Discussion of the microsraphs Typical micrographs of the reference alloy 1 are shown in Figure 2. These illustrate a coarsening of the microstructure and crack initiation at the top corners of the balls where they join onto the silicon die package. These are the areas of highest strain during thermal cycling, which suggests that the solder microstructure is affected by the strain environment.

Figure 3 shows the effect of strain on alloy No.

2. The intermetallic compound distribution is much coarser at the highly strained corner of the ball than at the less strained centre of the ball.

This effect was also seen in alloy 6, but not in alloy 16, which is shown in Figure 4. Here the intermetallic compound distribution does not appear to be significantly affected by the strain environment.

These results are based on the observation of several different solder balls.

Statistical analysis of the thermal fatigue results The raw data from the trials is reproduced in Figure 5. This shows the number of failures in each package against the number of thermal cycles completed.

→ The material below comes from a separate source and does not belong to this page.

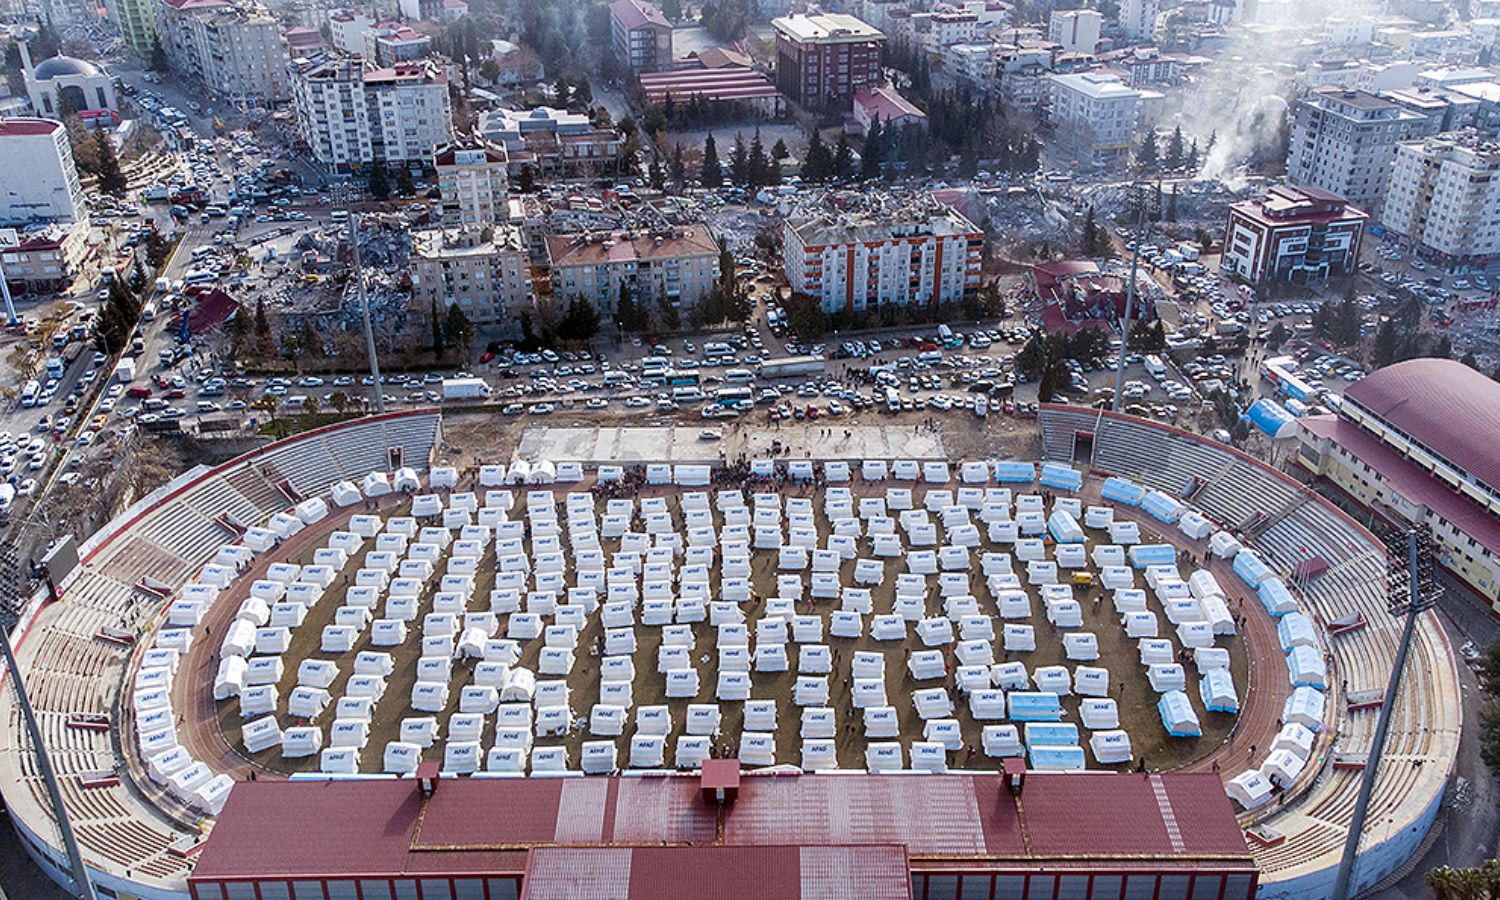 Tents at the "12 Şubat" stadium, which has been turned into a shelter in Kahramanmaraş, southern Turkey, following an earthquake that struck the area - February 8, 2023 (Anadolu Agency)
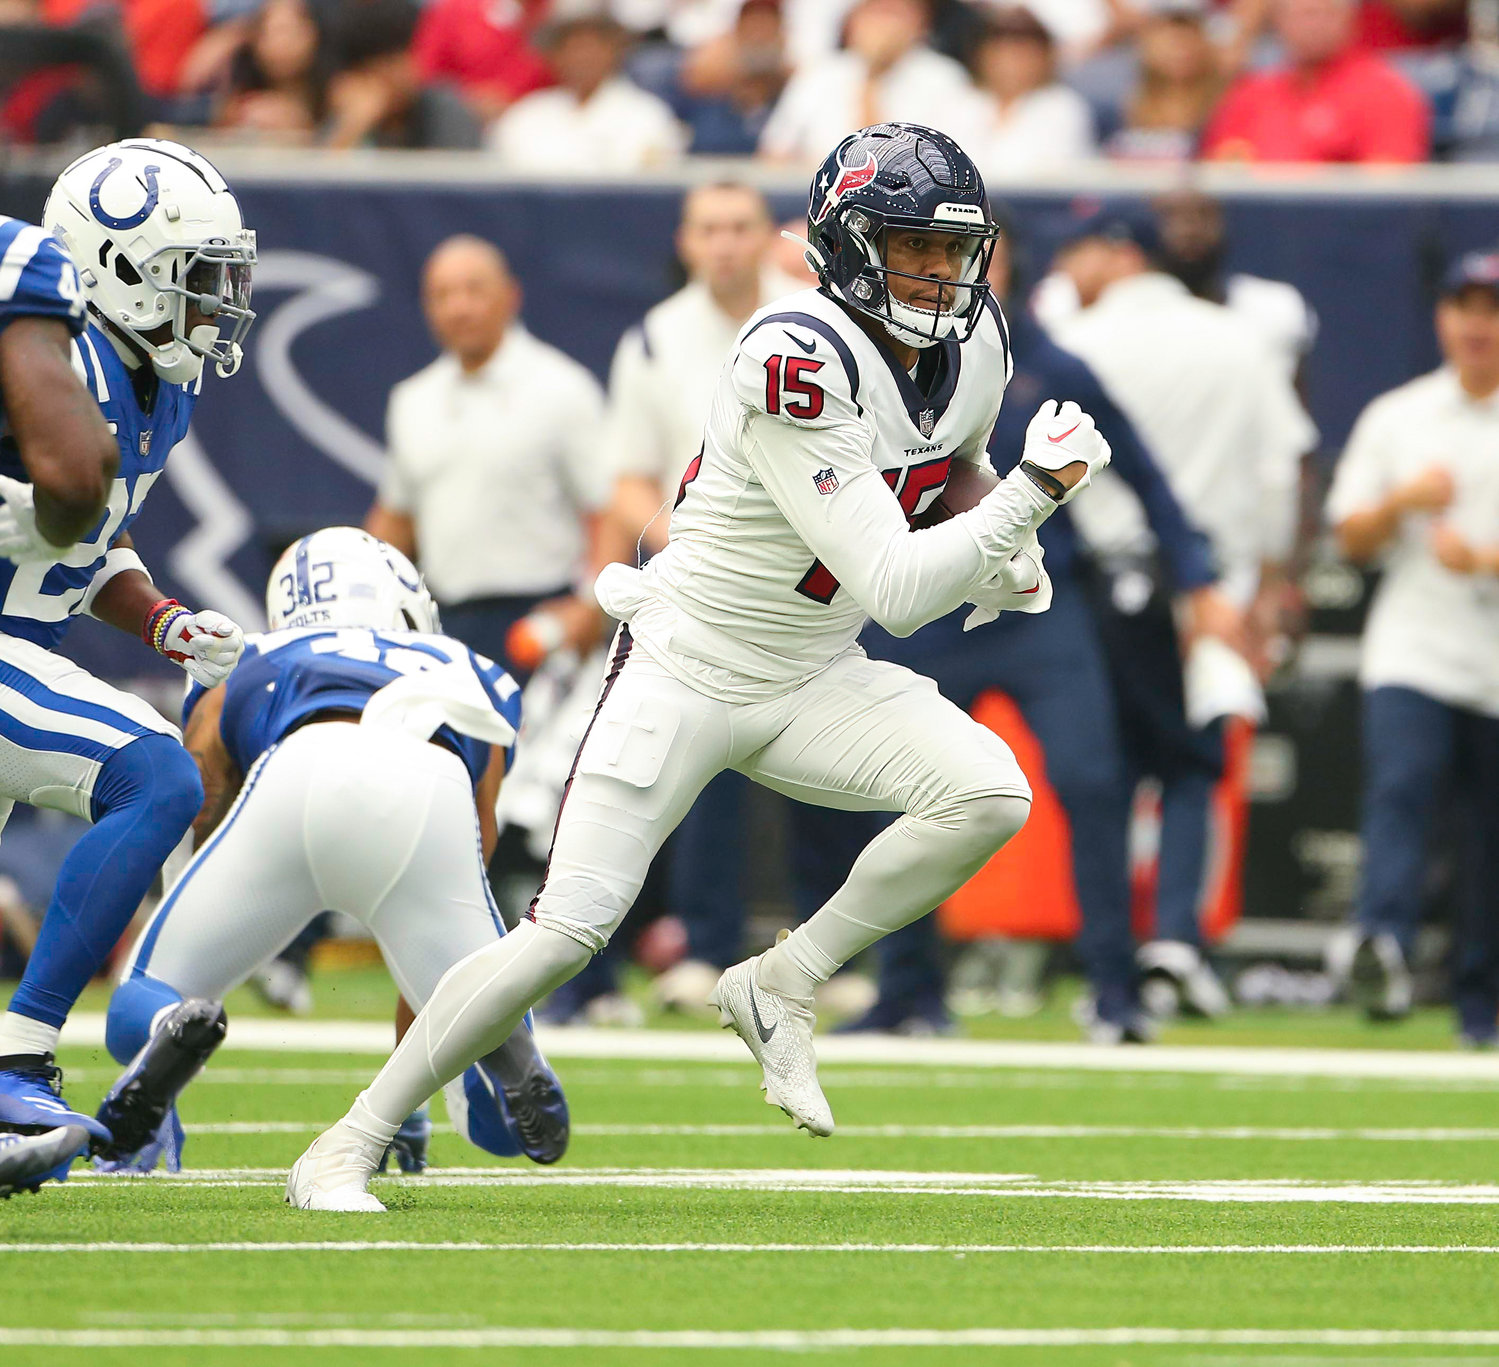 Houston Texans wide receiver Chris Moore (15) carries the ball after a catch during an NFL game between the Texans and the Colts on September 11, 2022 in Houston. The game ended in a 20-20 tie after a scoreless overtime period.

The results were interpreted using Weibull

statistics to give an indication of the failure probabilities associated with each alloy. The values should be treated as estimates, as the number of data points for each alloy is limited.

The value of "Weibull modulus" for each alloy tested is shown in Table 2. A high Weibull modulus shows that there is a small spread in the results, while a low Weibull modulus shows that there is a large spread in the results. Alloy 6 has the lowest modulus (largest spread) whilst, among the lead-free alloys, alloy 16 has the highest modulus (smallest spread).

Weibull statistics can also be used to predict the number of cycles to a particular failure probability. The calculated number of cycles to 1% failure is also given in Table 2. This again shows alloy 16 to be the best of the lead-free alloys tested.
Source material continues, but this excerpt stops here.